La place de Paris ne s'avoue pas vaincue sur la TTF

vendredi 21 octobre 2016 18h16
 

par Julien Ponthus et Maya Nikolaeva

PARIS (Reuters) - La place de Paris a bon espoir de voir les parlementaires revenir sur le durcissement de la taxe sur les transactions financières (TTF), une mesure qui nuit, selon elle, à l'intense campagne menée pour faire de Paris une alternative à la City de Londres après la sortie des Britanniques de l'Union européenne.

"Le dialogue est mené entre la place et les parlementaires pour permettre de faire prendre en compte les enjeux du moment", a déclaré vendredi à Reuters Arnaud de Bresson, délégué général de Paris Europlace, l'organisme chargé de défendre les intérêts de la place financière.

Dans le cadre de l'examen en première lecture du projet de loi de finances (PLF) pour 2017, les députés ont voté dans la nuit de mercredi à jeudi l'élargissement du champ de la TTF aux transactions intrajournalières (dites "intra-day") - parmi lesquelles figurent les transactions à haute fréquence - et de relever le taux de ce prélèvement à 0,3% contre 0,2% actuellement.

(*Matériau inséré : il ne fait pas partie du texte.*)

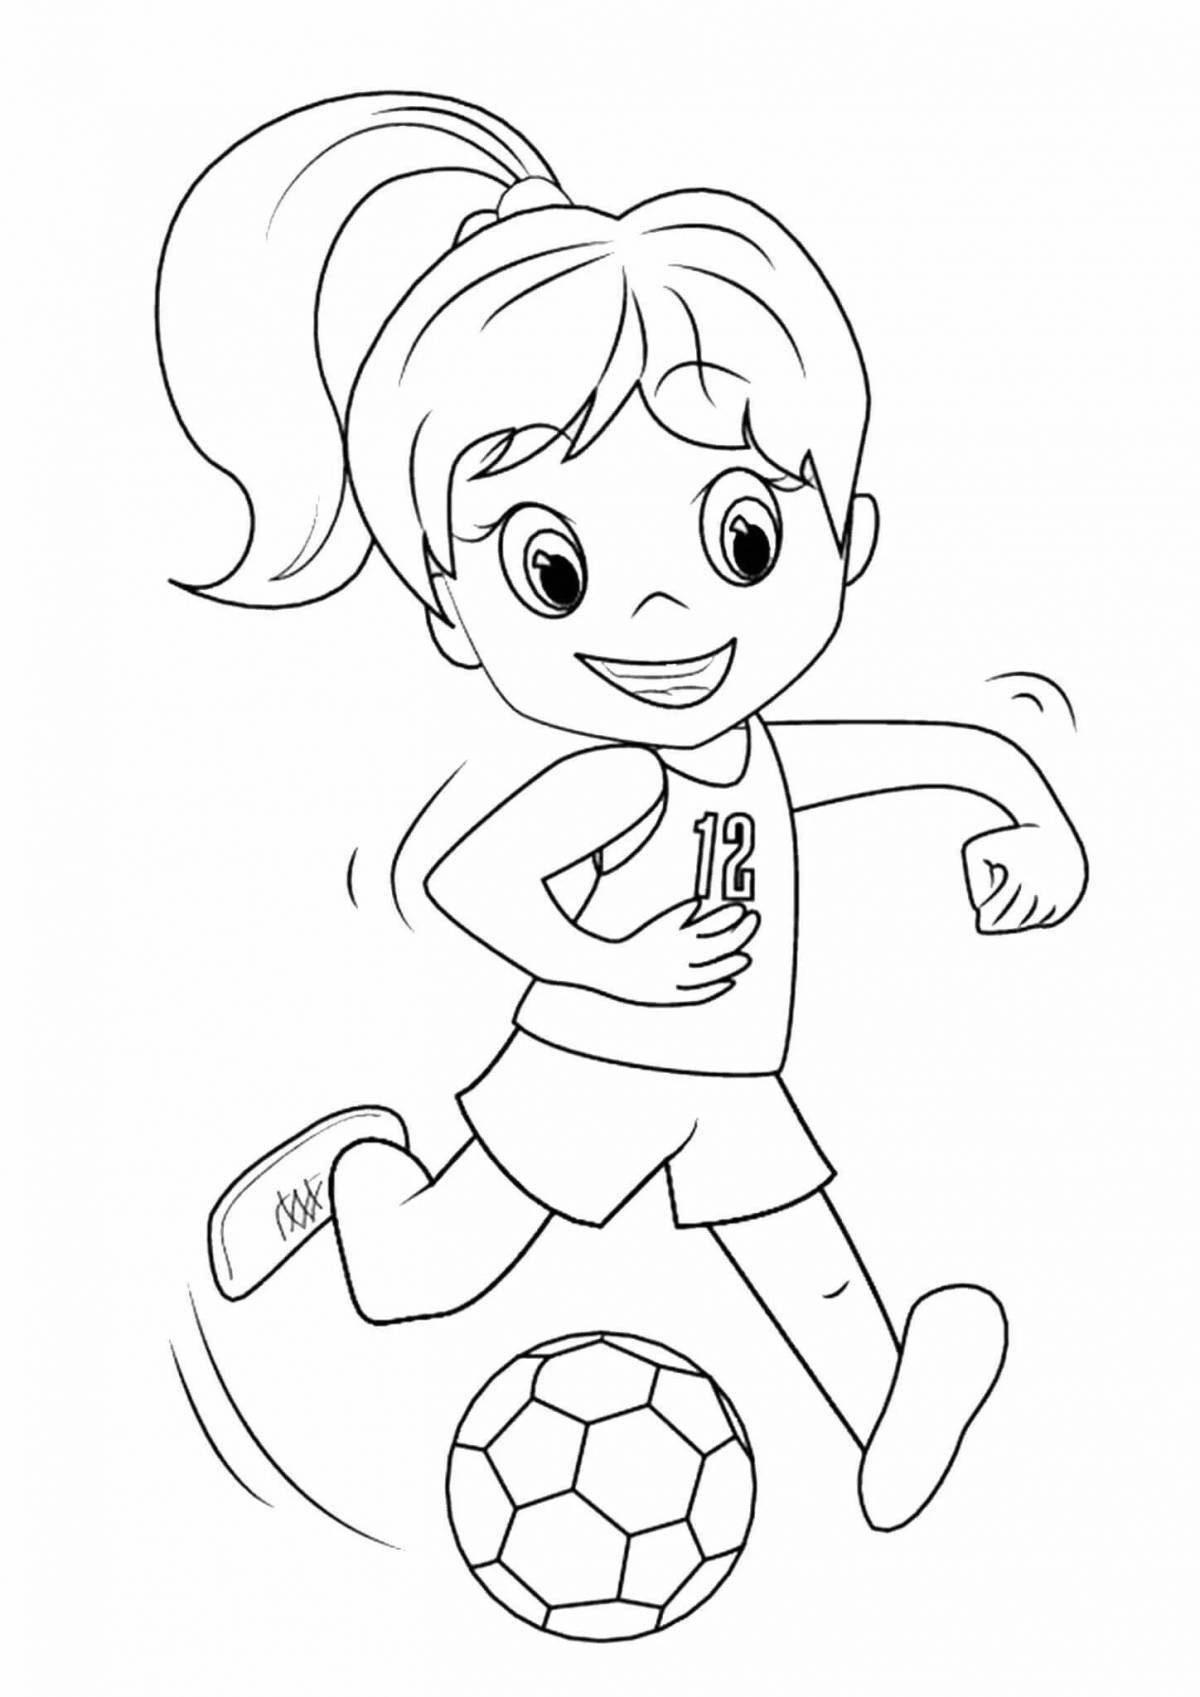 Bright sports coloring

"Nous comptons bien évidemment revenir sur ce sujet, dans les prochaines étapes de la discussion au Sénat puis à l'Assemblée nationale et à travers nos contacts avec le gouvernement", a assuré Arnaud de Bresson, pour qui un durcissement de la taxe constituerait "un mauvais message" envoyé par la France aux milieux financiers internationaux.

"UN TRÈS MAUVAIS SIGNAL"

La possible perte du "passeport européen", qui assure l'accès aux marchés de l'Union européenne, obligerait les sociétés régulées à Londres à obtenir un agrément dans un pays de l'UE, ce qui suscite la convoitise de nombreuses places financières comme Paris, Francfort, Milan, Amsterdam ou Dublin.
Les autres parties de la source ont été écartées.